THE BRONX — A group of Bronx hospitals and insurance companies have found that a nurse's phone call can help treat one of modern medicine's greatest ailments: patients who must return to the hospital soon after they leave.
Hospital readmissions are a chronic, costly epidemic in the United States — Medicare patient readmissions alone cost $26 billion each year.
In The Bronx, the problem is especially acute — the county’s 30-day readmission rate in 2010 of 18.1 percent, or nearly one in five patients, was the highest of 306 hospital regions examined in the 2013 Dartmouth Atlas Report.
But now, three Bronx nonprofit hospitals and two payer companies have released a study showing that an innovative program they designed, which keeps nurses in contact with patients after they leave the hospital, reduces the number of patients who are readmitted.
The findings are particularly relevant today with the Affordable Care Act’s focus on driving down health care costs and Medicare’s new policy of penalizing hospitals with overly high readmission rates, the study's sponsors said.
“There’s a whole constellation of things that factor into [readmissions]," said Anne Meara, who led the study and is associate vice president of network management at Montefiore Care Management. “We really believe it is our mission to figure out how we can do a better job of dealing with those issues.”
There are many reasons why recently released patients end up back in the hospital.
Many struggle to recall discharge instructions they were told at the hospital while still stressed and medicated.
Some return to isolated home lives where there is no one to monitor the food they eat or pills they take.
Others are bombarded with housing woes, job worries, family dilemmas, transportation challenges and other obstacles that thwart their recoveries.
The study followed 775 patients over 10 months. The patients were all Bronx residents ages 50 or older who had a telephone where they lived and were expected to be discharged from one of the three hospitals.
The 500 patients who received at least two interventions through a special “care transitions” program had a 17.6 percent 60-day hospital readmission rate.
Meanwhile, the 190 patients who received standard care had a 26.3 percent readmission rate.
The interventions, performed by special “care transitions” nurses, included an educational session before the patients left the hospital, then periodic phone calls once they returned home.
The nurses used the calls to discuss medications, check for symptoms and make sure the patients visited a doctor within two weeks of leaving the hospital.

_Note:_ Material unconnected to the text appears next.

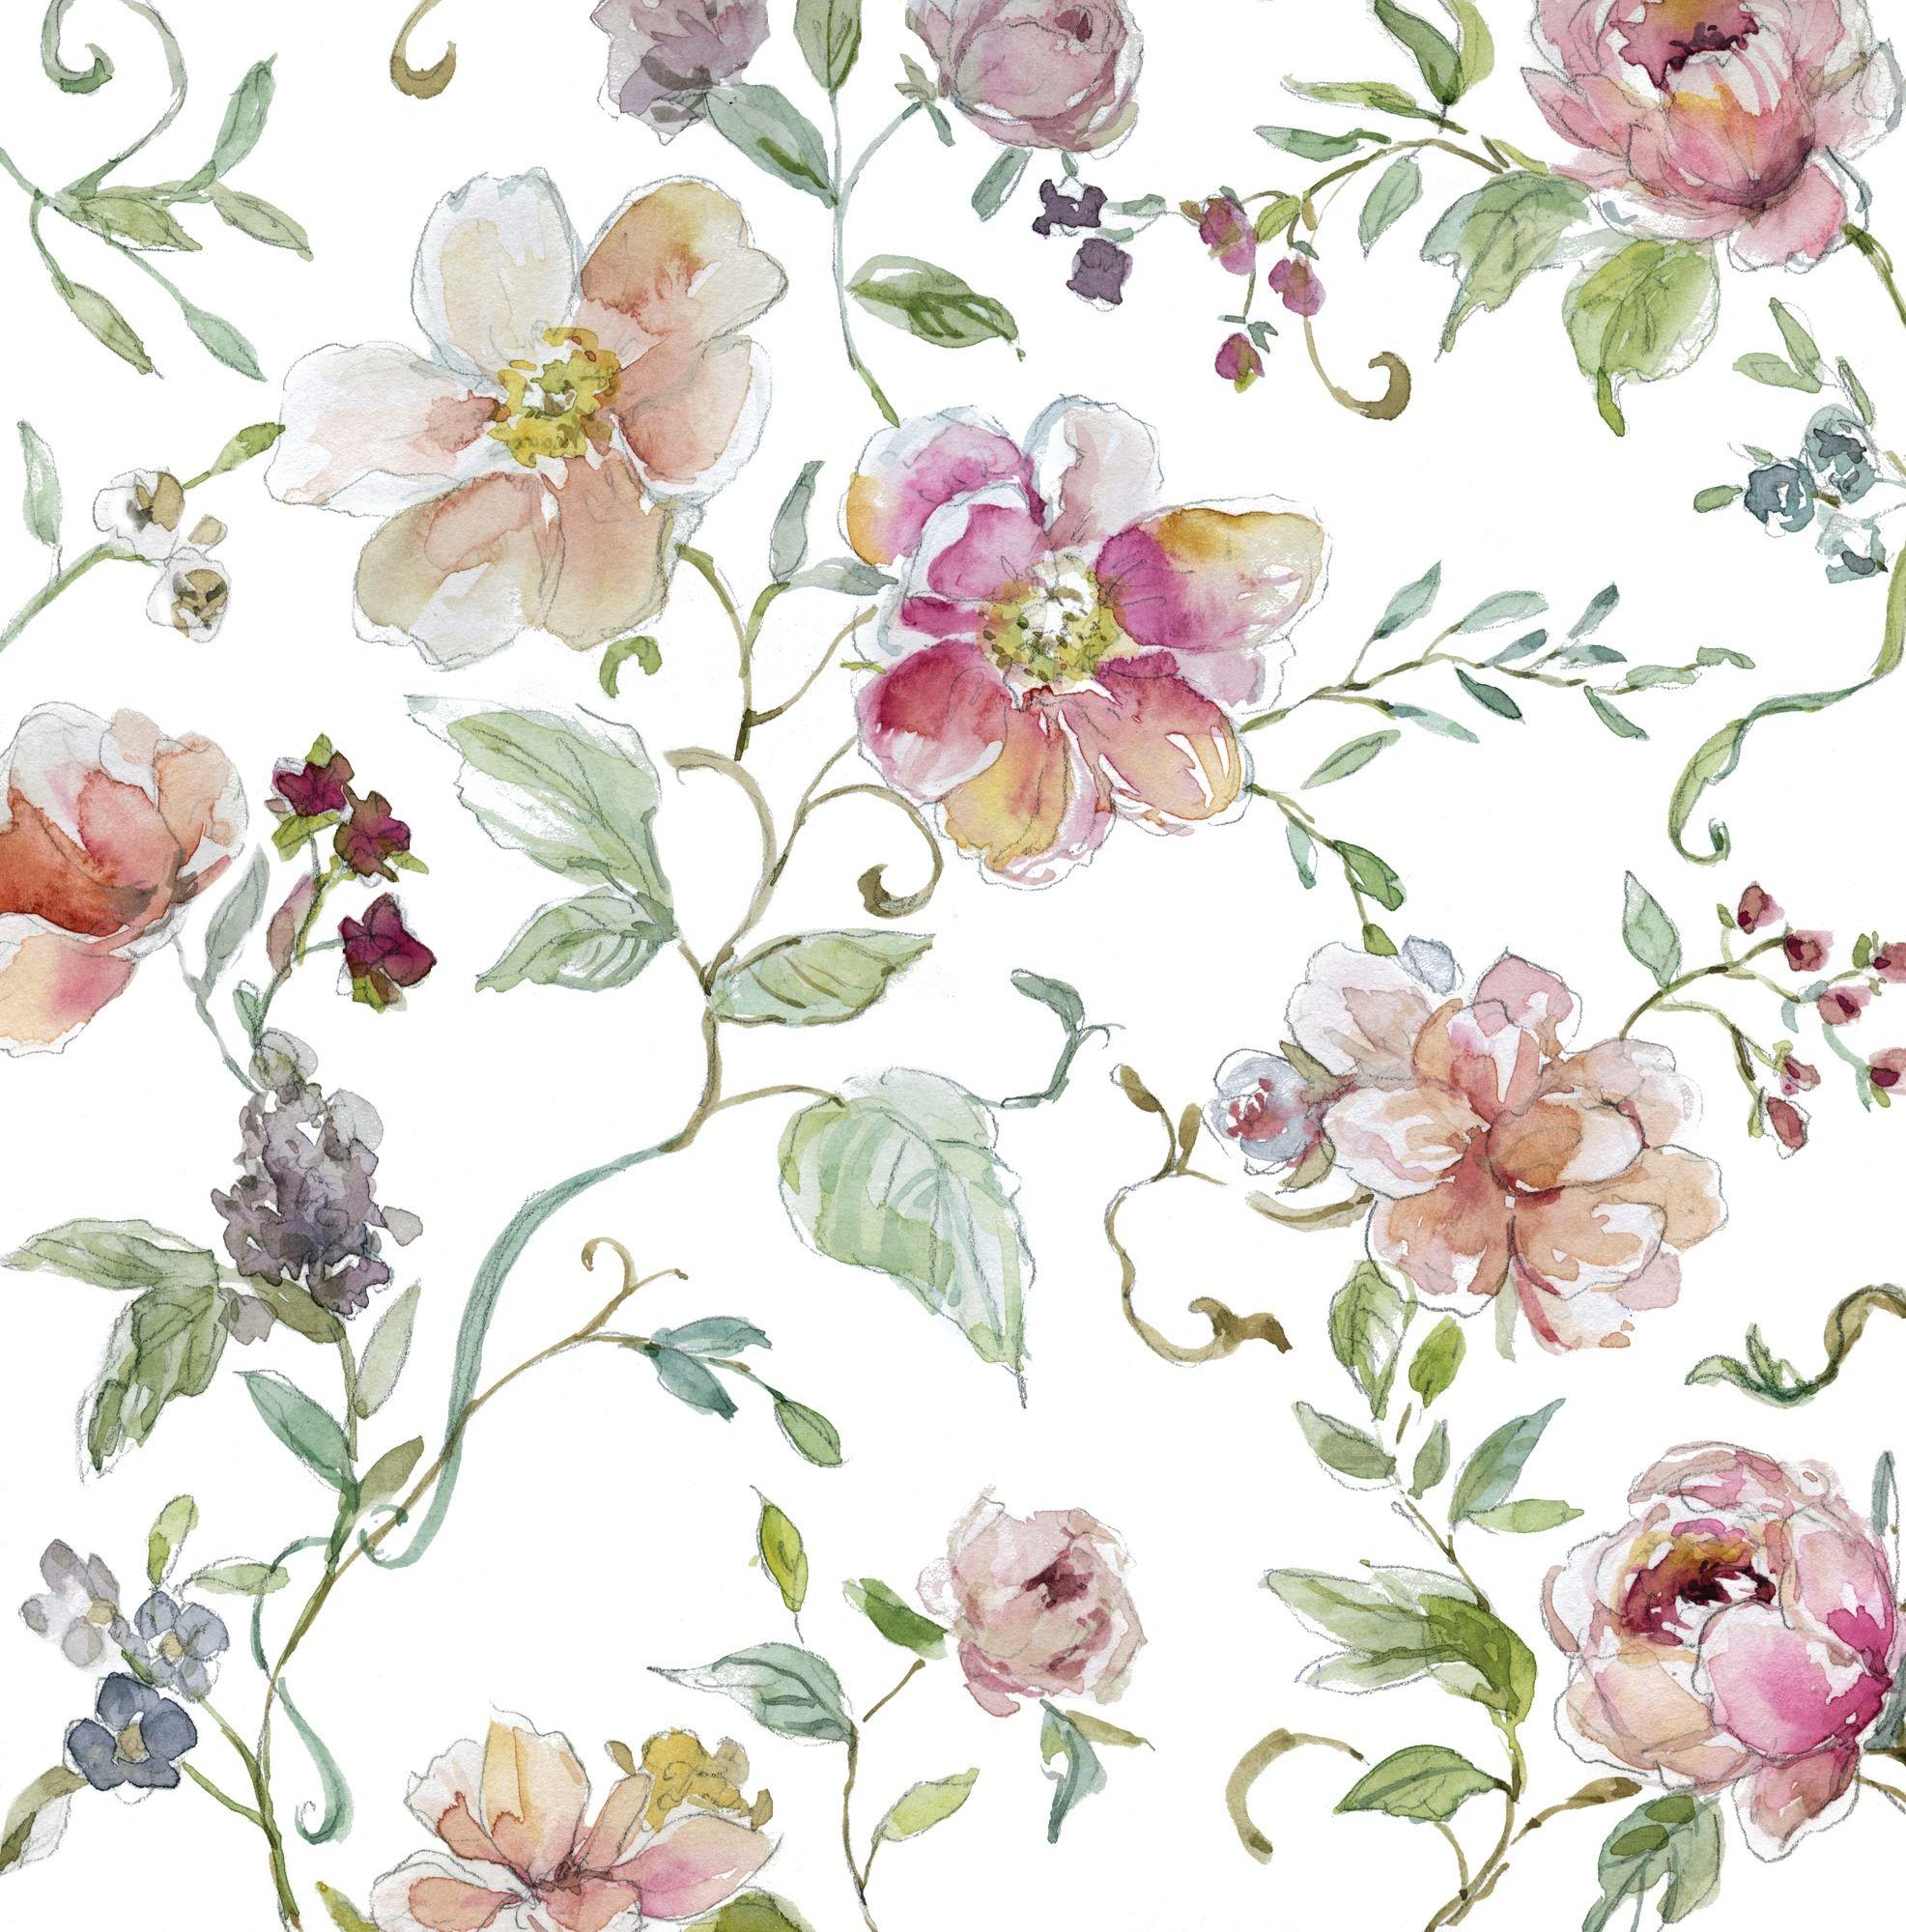 Chinoiserie Wallpaper Wallsauce Us Chinoiserie Wallpaper Chinoiserie Mural Wallpaper

If the patients couldn’t fill a prescription or find a ride to the doctor, the nurses were ready to offer help.
The care transition program helped keep more patients than normal from returning to the hospital for several reasons, according to Meara and others involved.
First, it created uniform procedures for following up with patients, training staff and entering data that — crucially — makes it clear who should interact with discharged patients and how.
Second, it enabled the designated nurses to strike up a rapport with patients, which helped them stay in touch after the patients returned home.
And third, it involved the payers, who agreed to pay a fee for these transition services, which demand an up-front investment but can lead to big savings.
Bronx Collaborative, the group that designed the program and the study, was founded in 2009 and has focused on reducing preventable hospital readmissions.
It includes Bronx Lebanon Hospital Center, St. Barnabas Hospital and Montefiore Medical Center, as well as the payer organizations EmblemHealth and Healthfirst.